Do you mean under what circumstances it would be used? I use this model for code completion. Here is my launch script: https://github.com/sainnhe/dotfiles/blob/924163f2089ae7d9bdf27201d5c3062dafa6ce91/scripts/llama-server.sh
And also code editor config: https://github.com/sainnhe/dotfiles/blob/924163f2089ae7d9bdf27201d5c3062dafa6ce91/.vim/features/full.vim#L224-L268
I personally tested the model in LM Studio, as their latest update supposedly fixed glm 4.7's issue but maybe I am wrong.
@danielhanchen I think the most important thing need to be confirmed is that is the llama.cpp fix applied to this REAP variant? The llama.cpp fix I refer here means the statement at the top of https://huggingface.co/unsloth/GLM-4.7-Flash-GGUF#jan-21-update-llamacpp-fixed-a-bug-that-caused-looping-and-poor-outputs-we-updated-the-ggufs---please-re-download-the-model-for-much-better-outputs
Because in my own test, this REAP variant behaves exactly like how the original 30B variant performed BEFORE the fix was applied.
@dan9070 Could you run this REAP variant and the original 30B variant side by side and compare their performance? In my own test, the 30B variant performs significantly better.
If it helps I'm reuploading them and redoing them as we speak - hope they're better!
Just re-downloaded, no issues noticed. I'm getting > 40 tokens/sec on the Q4_K_XL file with a RTX5060ti w/16GB. I'm not seeing any different behavior when using tools compared to the non-REAP version. Doing well on Goose. And no looping.
I'm still having the same issues with tooling in Zed when using the llama.cpp current version of 7850 (same as non-REAP GLM), main symptom is trailing </arg_value> and thought process in the file when using Zed's edit_file tool, rules can't fix it completely. This is still usable, I just had it do a Snake game in Python.
Params: -fa on -fitt 500 --fit-ctx 65536 --n-cpu-moe 11 --threads 4 --temp 0.3 --top-p 1.0 --min-p 0.01 --jinja (yes, temp 0.3 instead of the recommended 0.7, I don't need it to be creative for coding).
Of note, the REAP version is definitely lobotomized on general knowledge! But it doesn't seem to be an issue when creating and running scripts or coding. If it holds up with HTML, Javascript and Rust, I may have just found my first daily driver for 2026.
Same. I redownloaded the model file and tried code completion on my machine, and it performs noticeably better.
I noticed that the file checksum has been changed. Is it a new quantified version?
Anyway, thanks for your great work!
@dugrema Oh wait so the re-uploads helped a bit?
@danielhanchen I didn't try the original REAP version enough to tell. I can still get looping when I try enough on both REAP and non-REAP GLM 4.7 Flash UD Q4_K_XL. But looping is rare enough with large prompts and tool usage and the recommended parameters.
I tried working in Python and Javascript (React + vite) to build mini-games in both REAP and non-REAP and at this time I can't tell the difference between one or the other when it comes to coding results and tool usage. Pretty much the same behaviors. It's my first time trying a REAP version seriously, I am not disappointed with the Q4.
Much better from my testing. Less repetitions. Thank you.
So far it's coherent and not glitching for me.
/pr/Neural/LLM/llama.cpp-clort-cli/build/bin/llama-cli -m ./GLM-4.7-Flash-REAP-23B-A3B-IQ4_XS.gguf -t 5 --ctx-size 8192 --jinja
[ Prompt: 7.4 t/s | Generation: 3.5 t/s ]
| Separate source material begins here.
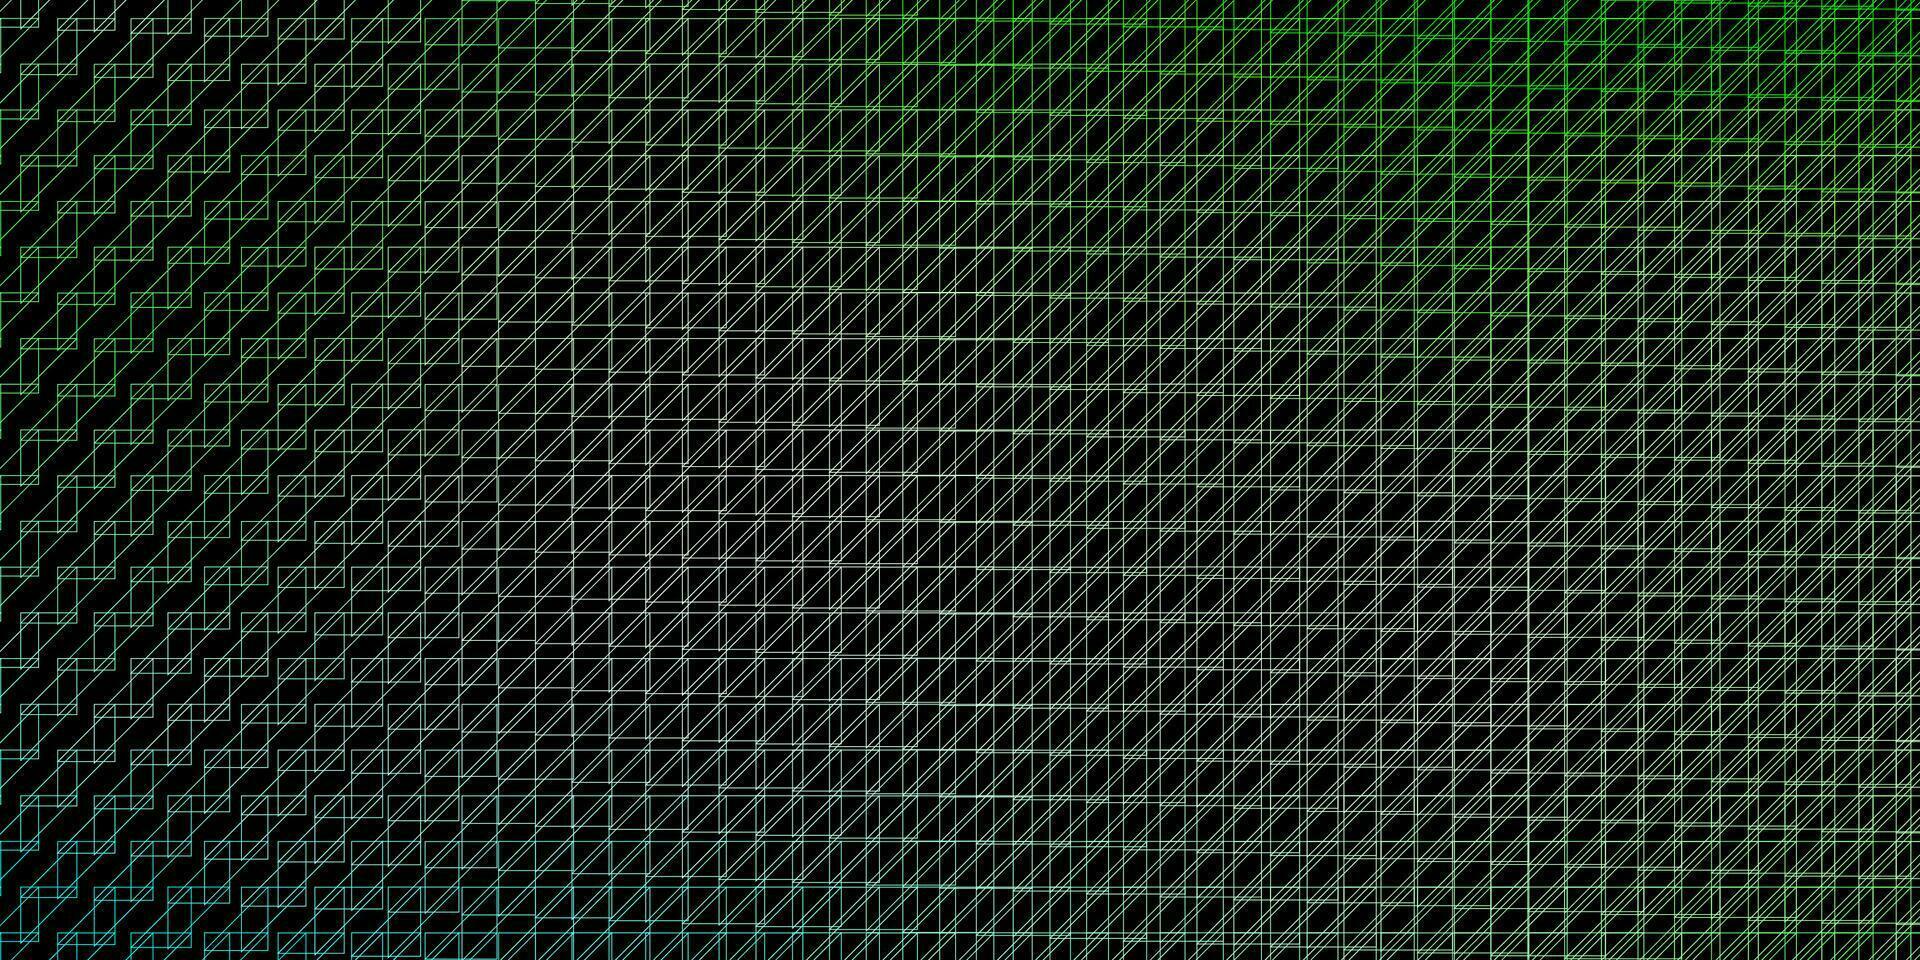 Dark Green vector pattern with lines.

This is getting pulled on a system without even 8GB free.
I'm running on a 16GB thinkpad tp495, with browser running while listening to podcasts.
btop sows llama-cli using 1.9GB RAM and Radeontop says:
1773M / 1976M VRAM 89.71% β
6517M / 6936M GTT 93.96% β
How llama.cpp do this magic. IDK but a happy camper i be. Looking at cpu% during inference, it's hovering around 10%, so vulkan is being used:
0.93G / 1.20G Memory Clock 77.75% β
0.42G / 1.20G Shader Clock 34.97% β
Depth of thought closer to gpt-oss-20b then qwen3 4b. Pretty cool stuff!
Close this discussion since this issue seems to be fixed.